**Exercise description:** Without the pictures, give the listing below again exactly.

**Source material:**
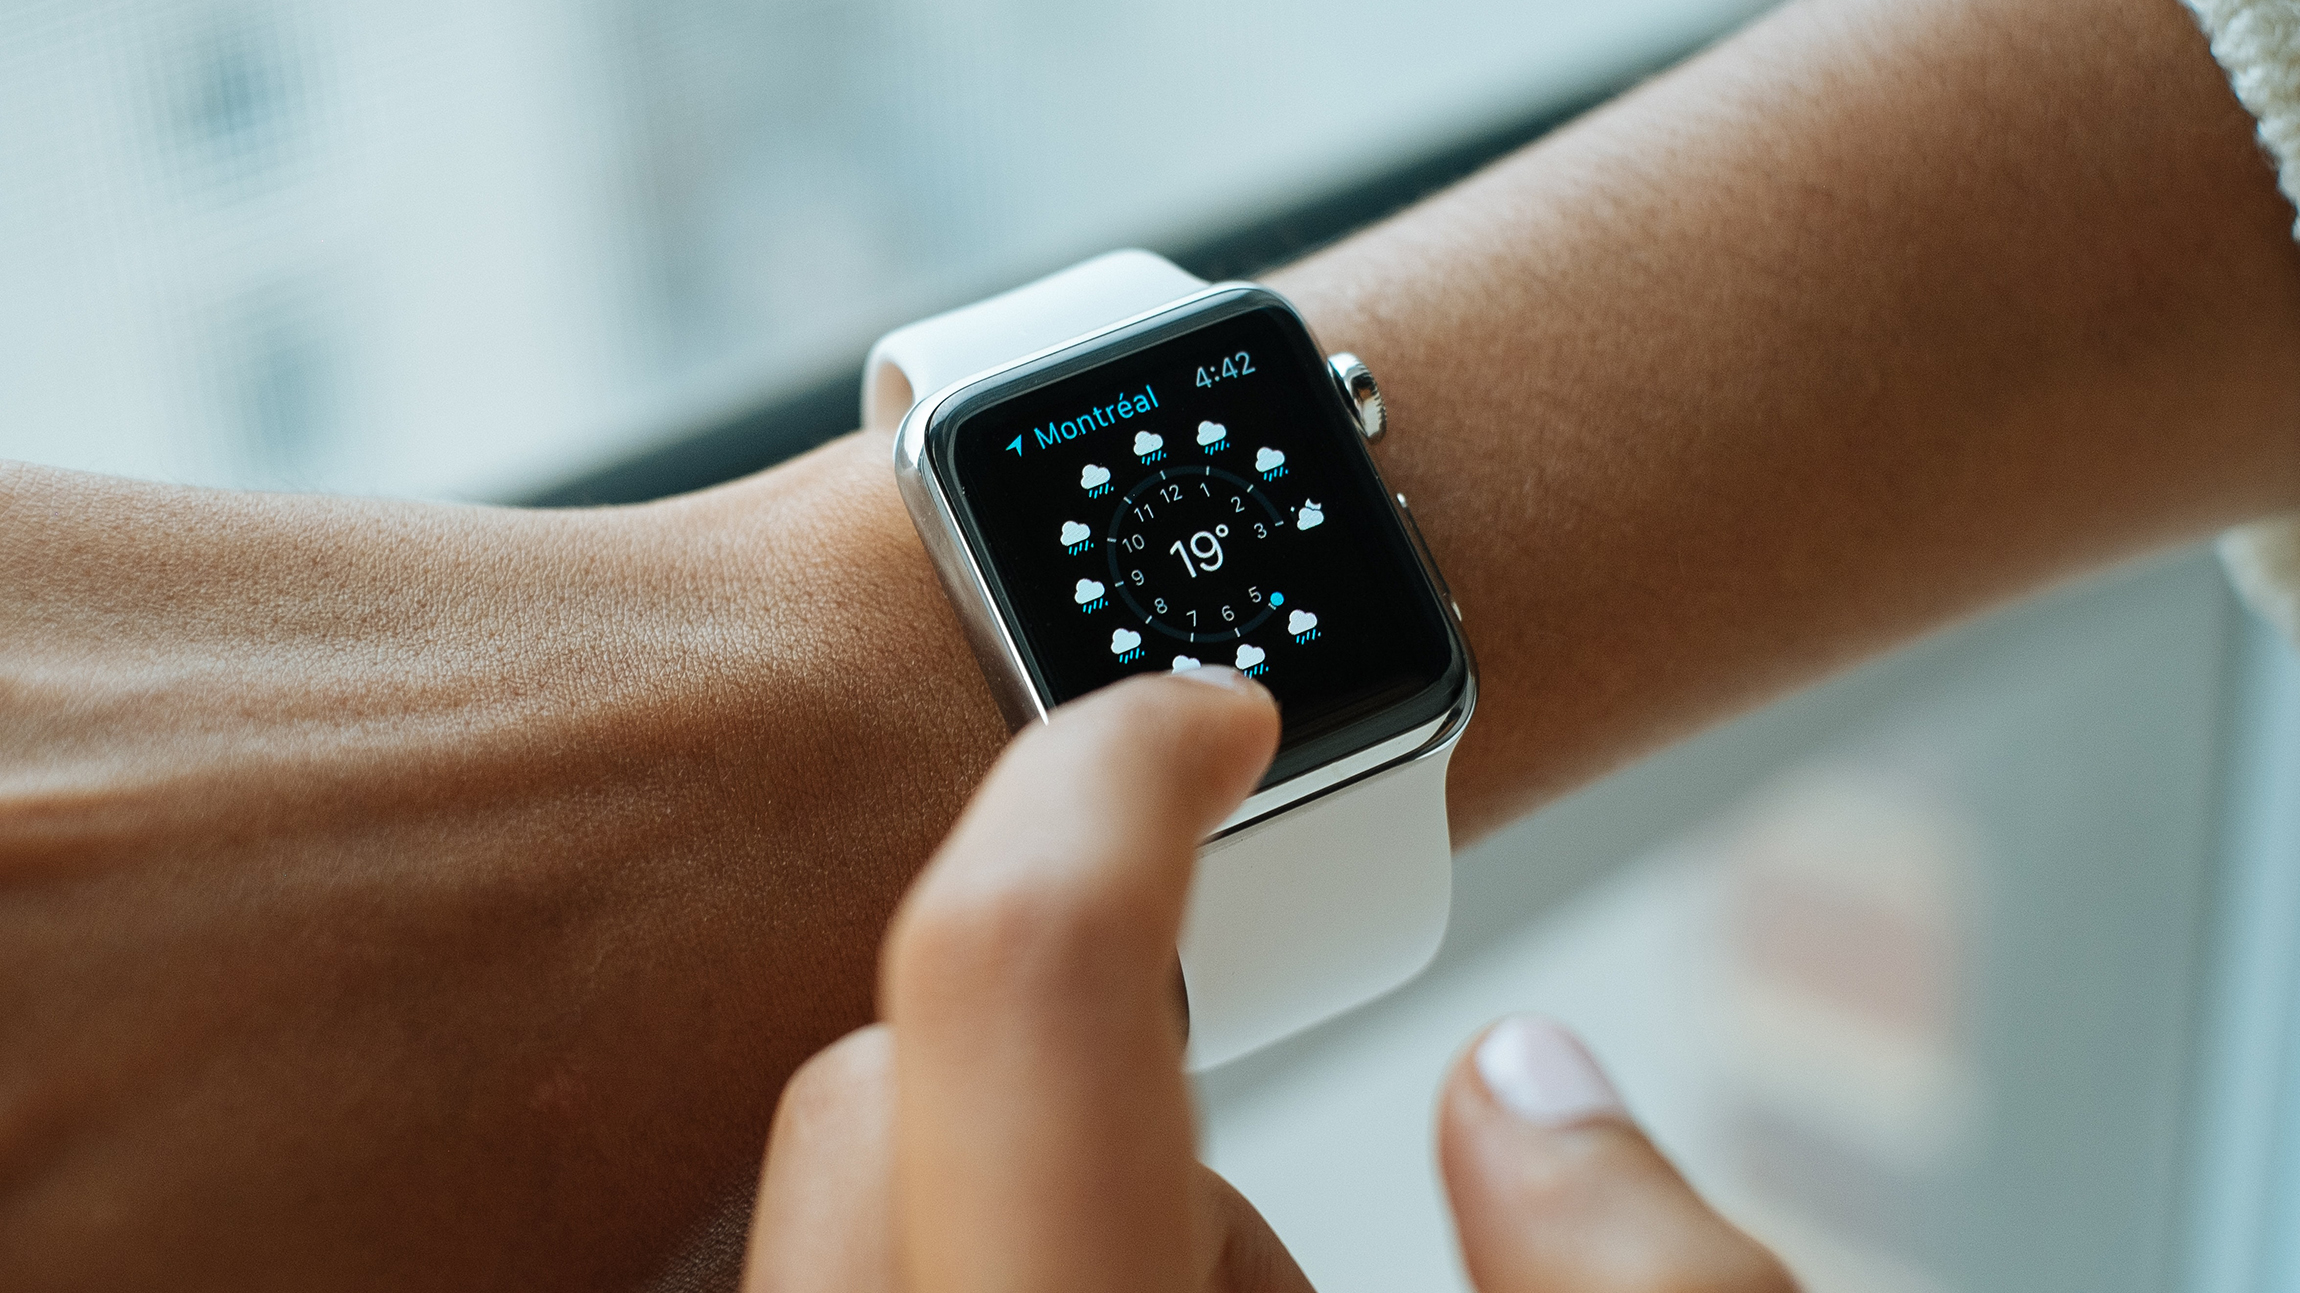 Facebook prepara relógio com Android para competir com Apple Watch | Gadgets – [Blog GigaOutlet]
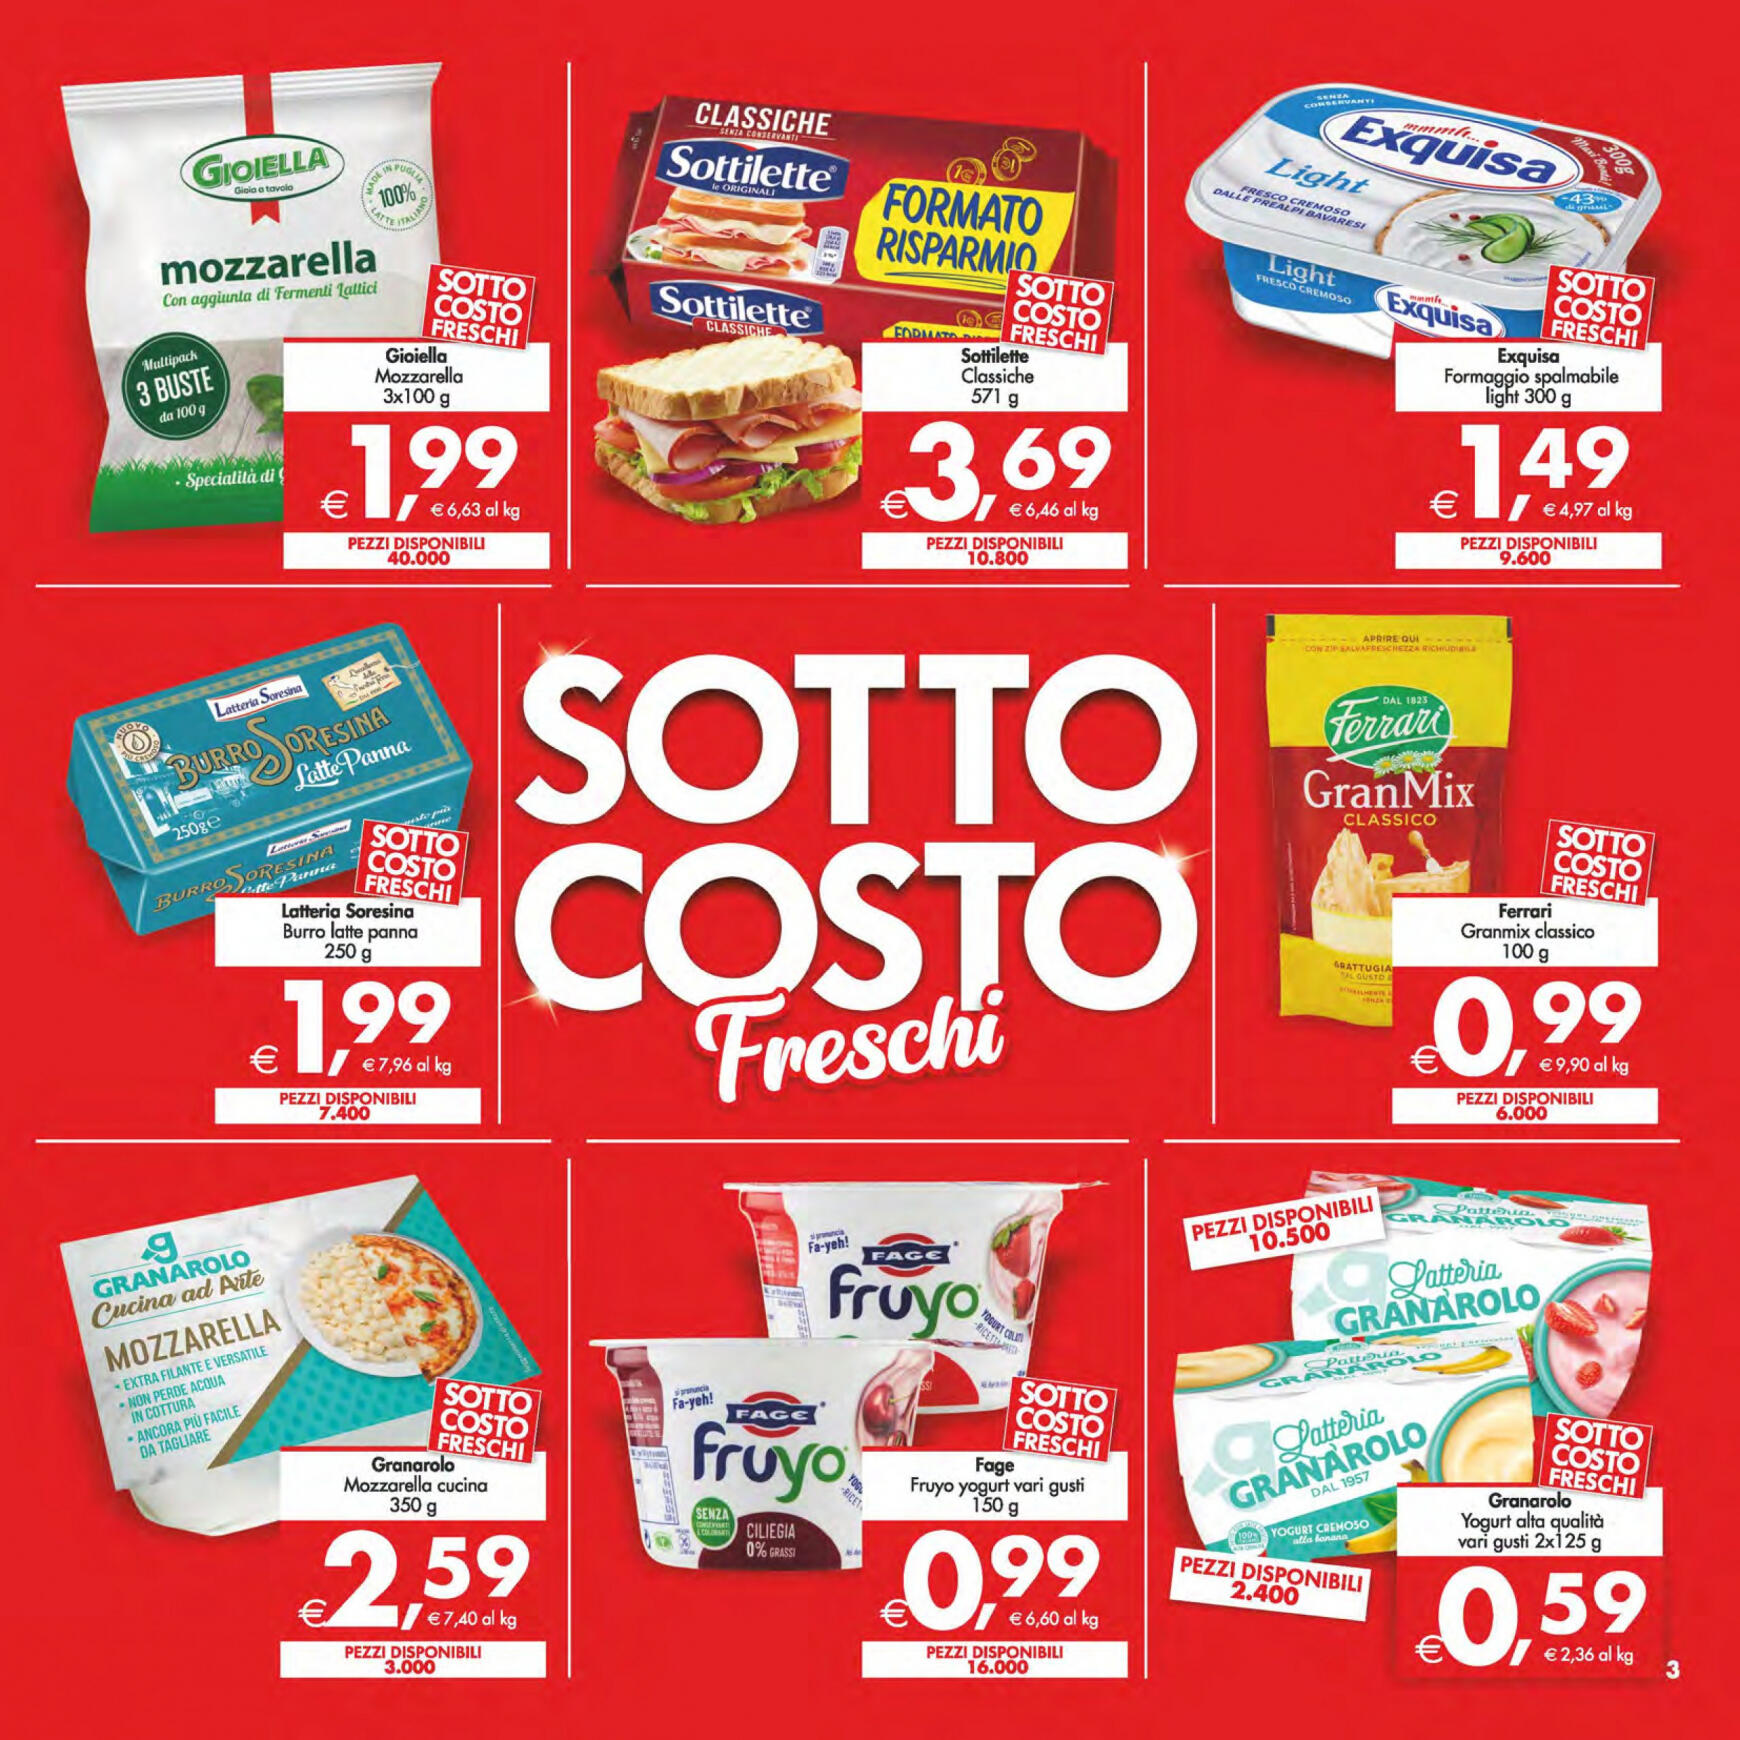 deco - Nuovo volantino Decò - Maxistore/Supermercati/Local 14.05. - 23.05. - page: 3
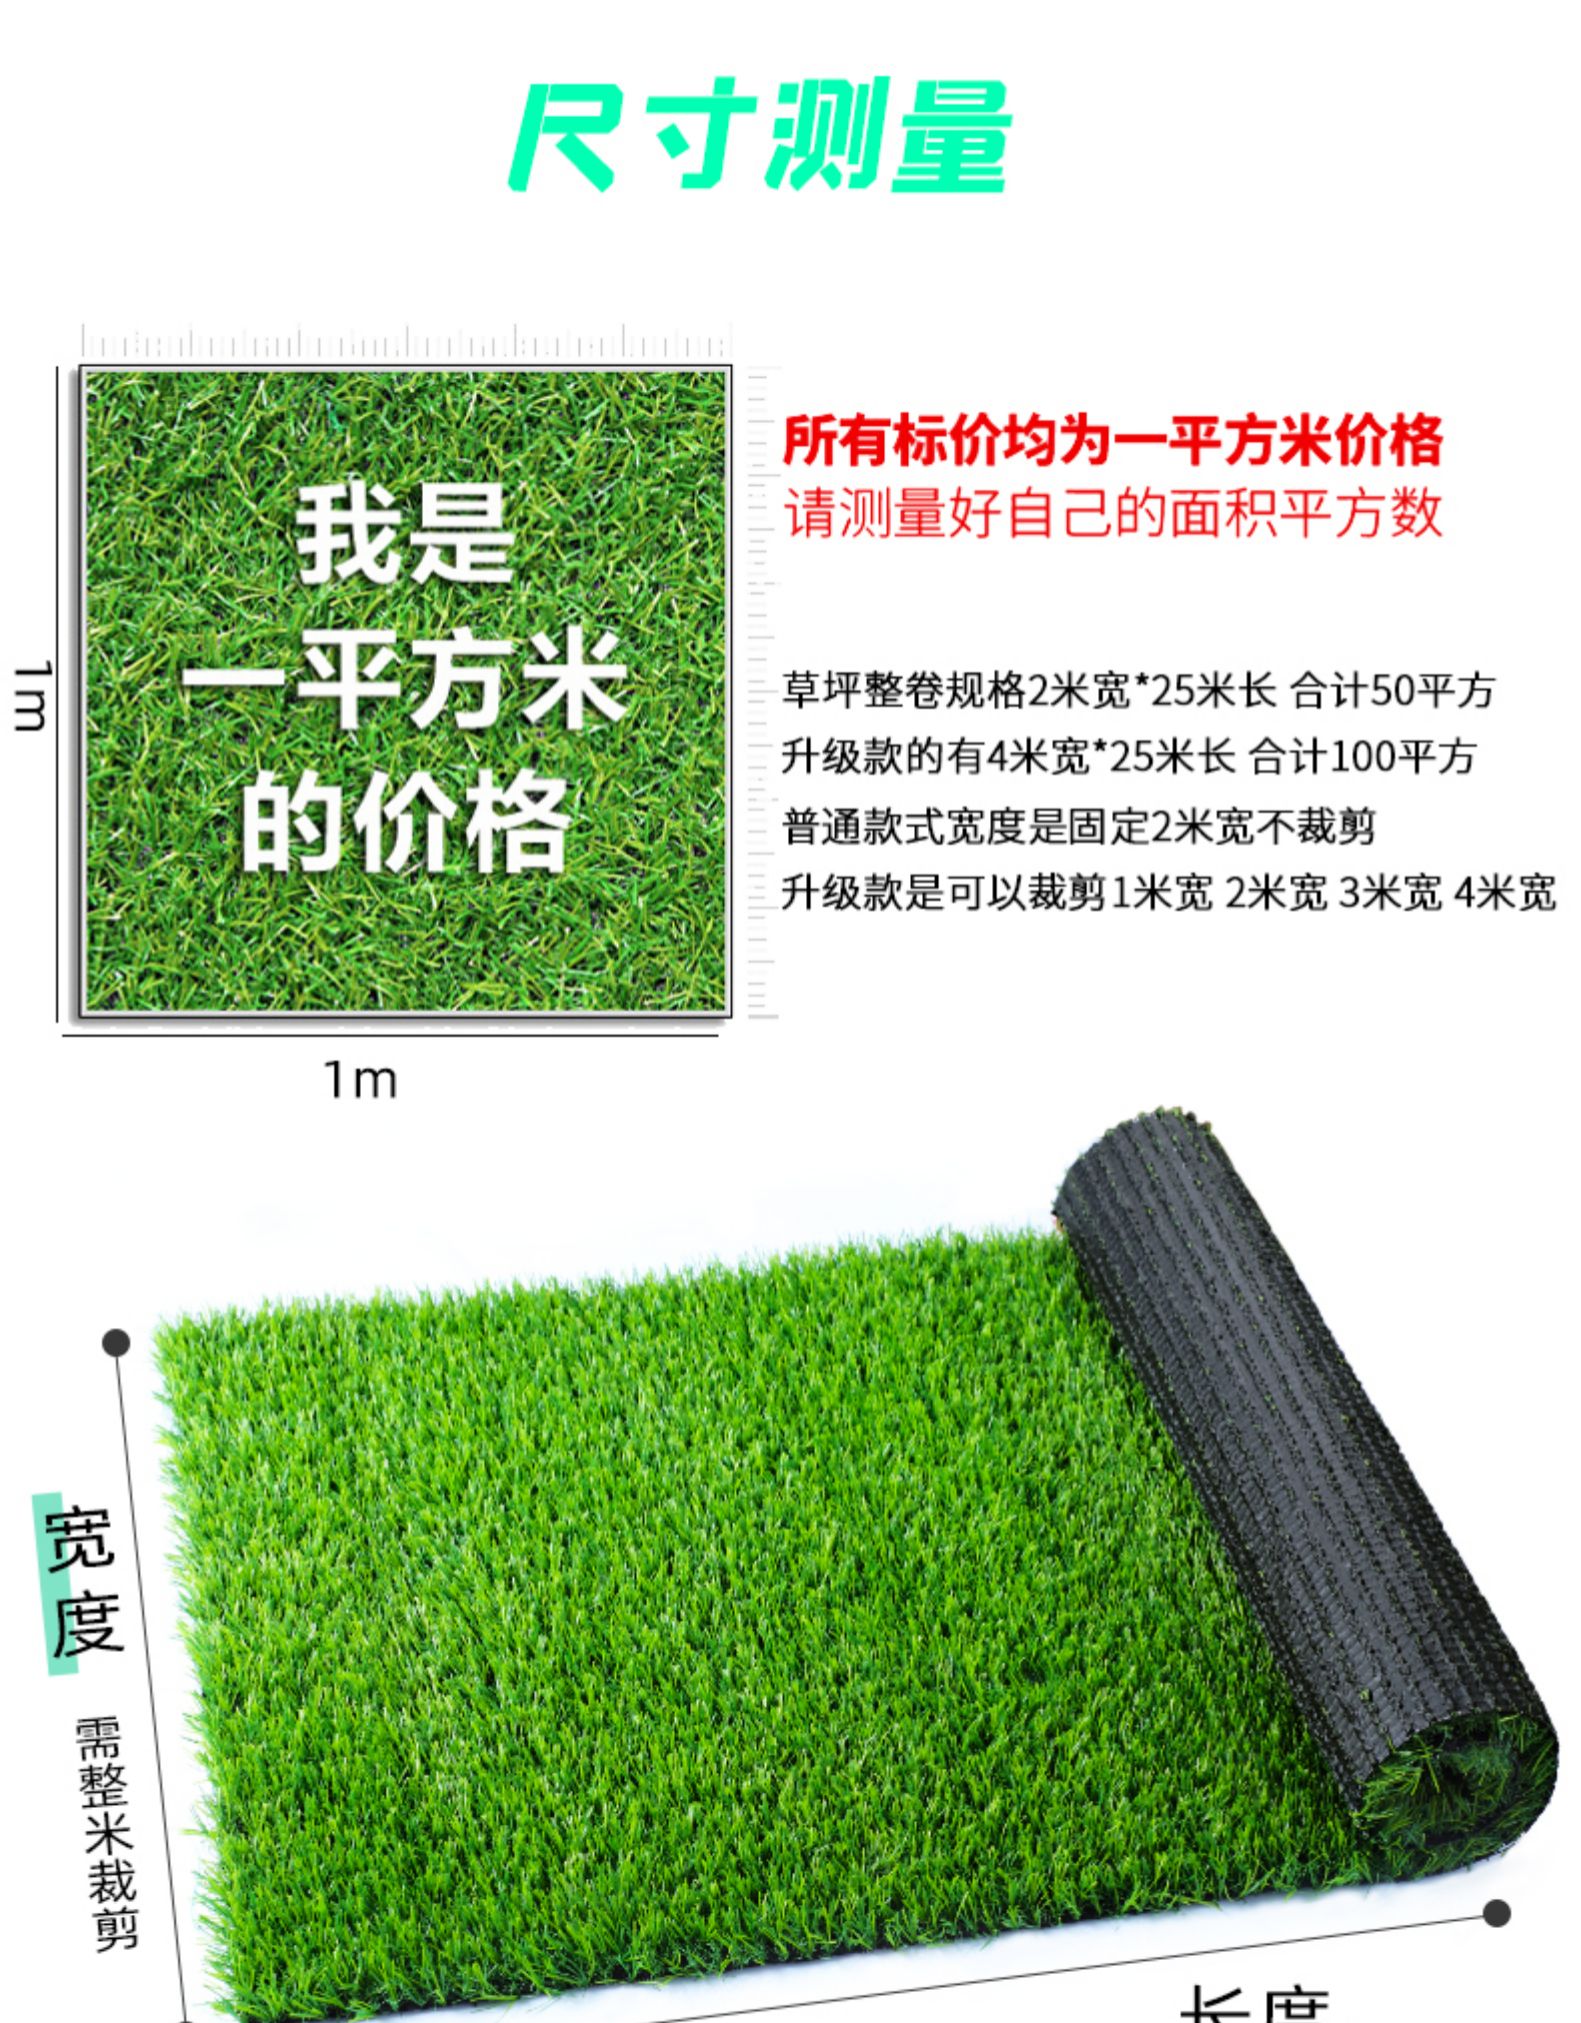 原材料足球场草皮地毯价格也从几十到几百不等？

**Answer to the problem:**
 Facebook prepara relógio com Android para competir com Apple Watch | Gadgets – [Blog GigaOutlet]
 deco - Nuovo volantino Decò - Maxistore/Supermercati/Local 14.05. - 23.05. - page: 3
 原材料足球场草皮地毯价格也从几十到几百不等？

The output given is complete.